DÜNYANIN KÖTÜSÜ...!
Çağımızın sıralı ölümlerdeki son kuşağıyız.
50 li yıllardan bu günlere gelen bizim kuşakların çocuklukları mutlu geçerdi.
Cam bilyeden misketimiz olurdu, misketi olmayan arkadaşımız oyundan uzak kalmasın diye avans adı altında misket verirdik.
Bir uzun bir kısa tahta ile çelik çomak oynardık.
Araba olarak bisiklet jantını kullanırdık, tahtanın ucuna C şeklinde tel veya demir bağlar jantı araya sokar sokak sokak gezerdik , bu oyun sayesinde hız kontrolünü, dengeyi öğrenirdik.
Eski püskü ayakkabılarla , ezik büzük top gibi olan malzemelerle futbol, yakartop , voleybol oynardık.
Annelerimizin mutfağı dünyanın en güzel FAST BOOK büfesiydi, Sağlıklı pratik gıdamızı şip şak hazırlar elimize tutuştururdu.
Kimi zaman beyaz peynir domates, kimi zaman köfte ekmek, kimi zaman yumurta ile ekmek arası yemeğimizi yerdik.
Annelerimiz birilerinin verdiği hediyeyi, parayı sorardı eğer toplumda saygın dürüst biri verdiyse kızmazlardı ama uyarırlardı siz istemediniz değilmi..? istemedik desek bile sakın ha istiyor bile görünmeyin çok ayıp telkinini alırdık.
Şayet bu hediyeler arsız , hırsız , hayırsız , ülkesine faydasız birilerinden verilmişse tepkileri çok açık ve net olurdu , hemen o verdiklerini götürüp iade edin bir daha böyle insanlardan bir şey almayın derdi..
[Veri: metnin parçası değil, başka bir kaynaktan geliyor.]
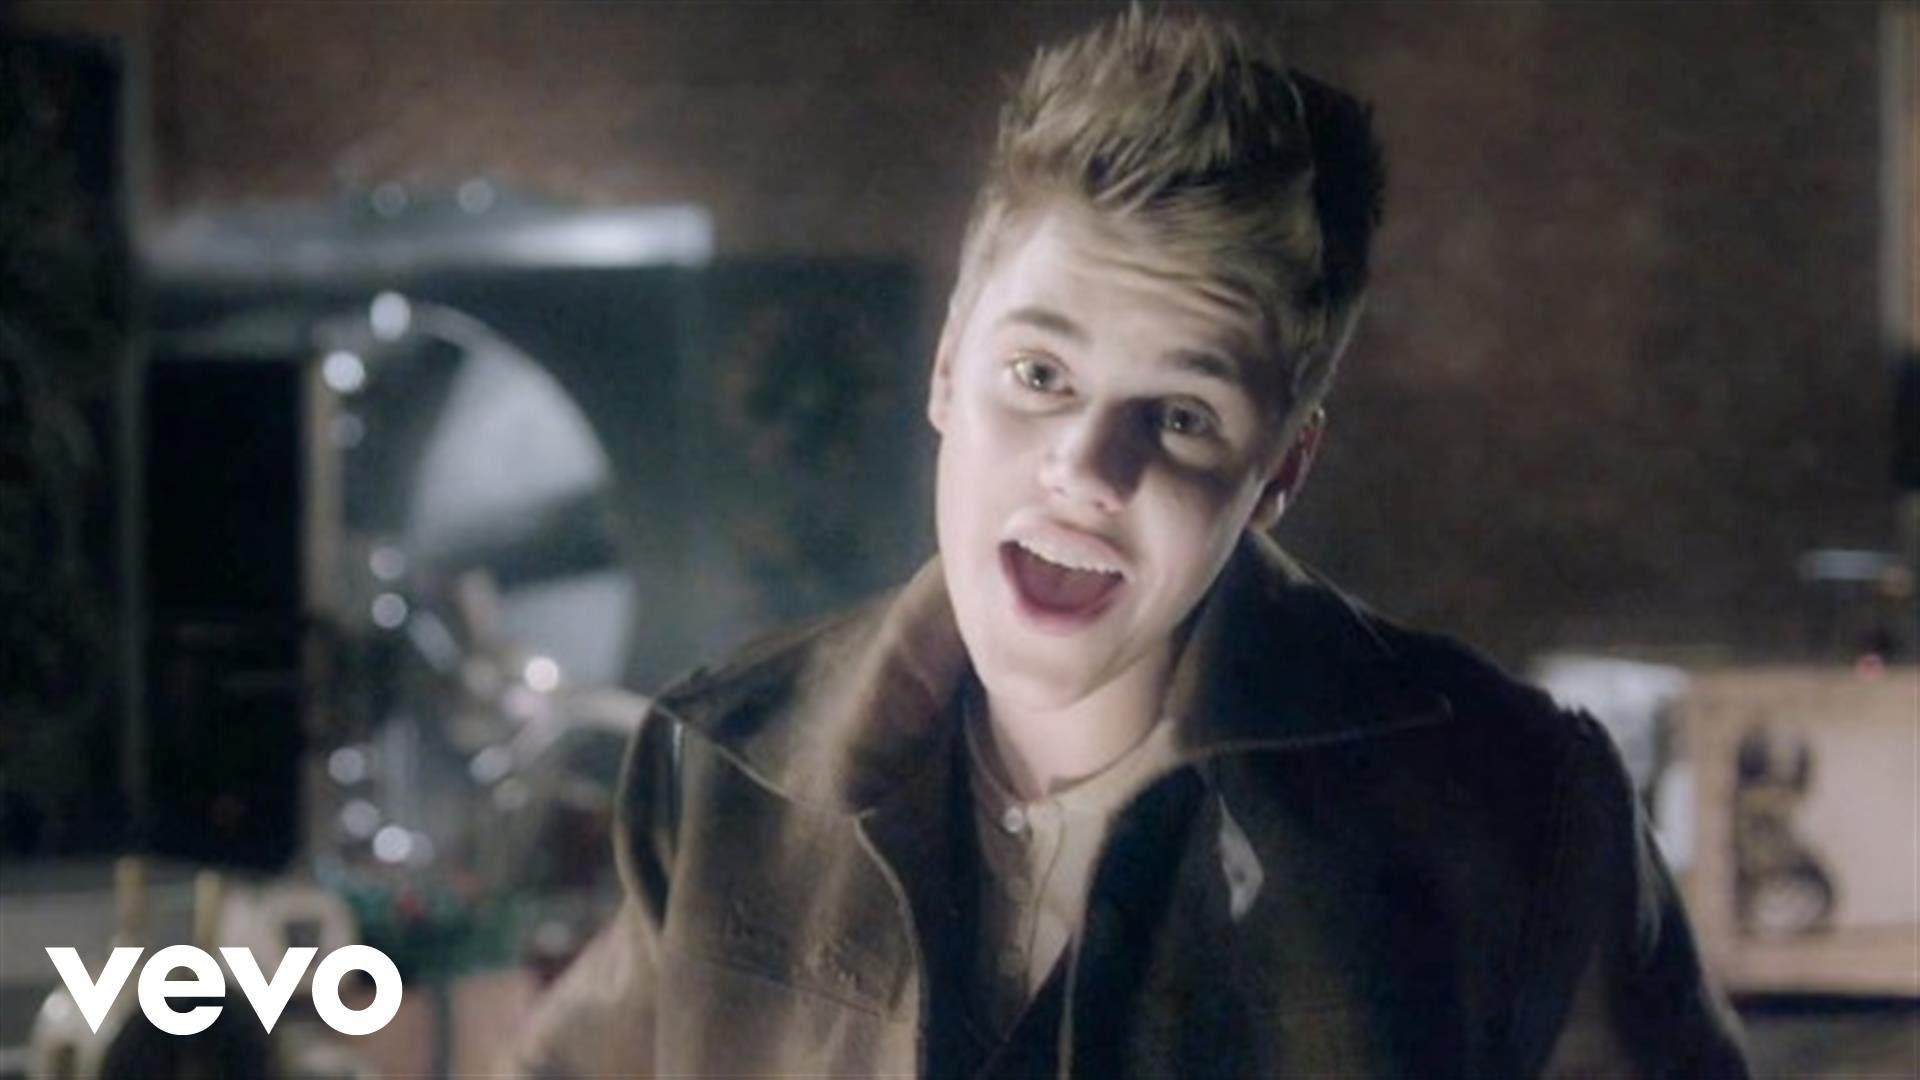 Hd wallpaper justin bieber - 1920x1200 Justin Bieber On Stage Hd Wallpaper Justin Bieber Justin Drew Bieber Wallpaper Hd
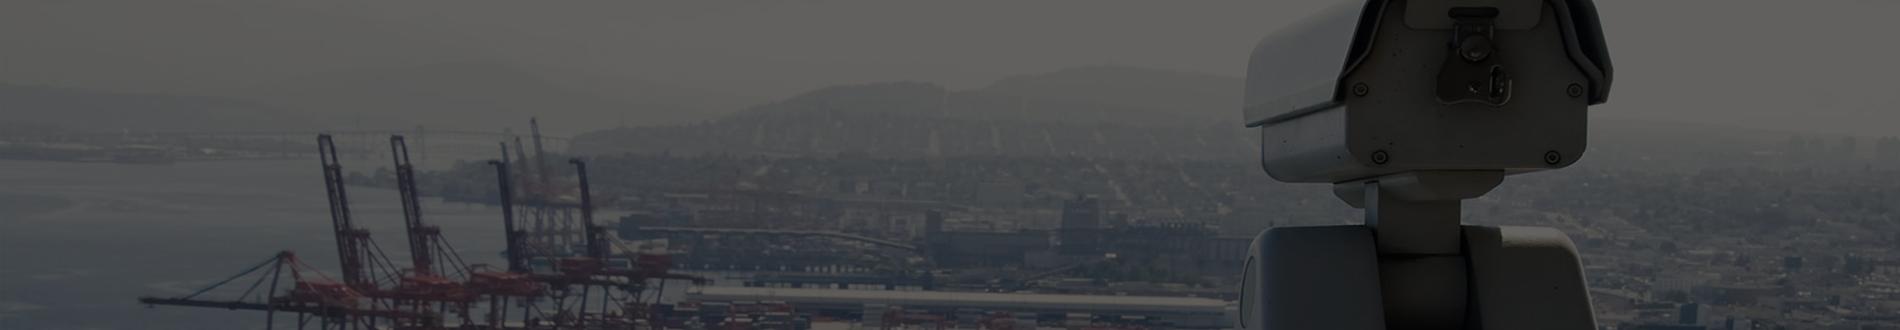 C-TPAT Audit & Compliance   AsiaInspection

Eğer verdiklerini yemişsek harcamışsak yerine aynısını tedarik eder bizle geri yollarlardı...
İlk okulda Amerikan yardımları gıda ürünleri gelirdi , Rahmetli Babam evlatlarının tamamına o yardımları yemememizi söylerdi.
Niye yemeyelim dediğimizde , anneniz mahallemizin kötüsünden aldığınızı kullanmamanızı geri götürmenizi nasıl istiyorsa , DÜNYANIN KÖTÜSÜ'nden alınan şeylerde yenmez adabını öğretmişlerdi.
Lise yıllarımızda abilerimiz dediğimiz,
Kahrolsun Emperyalizm , Siyonizm, Faşizm, Kominizm Yaşasın halkların kardeşliği, Yaşasın Tam bağımsız Türkiye diyen gençlik ile yaşadık.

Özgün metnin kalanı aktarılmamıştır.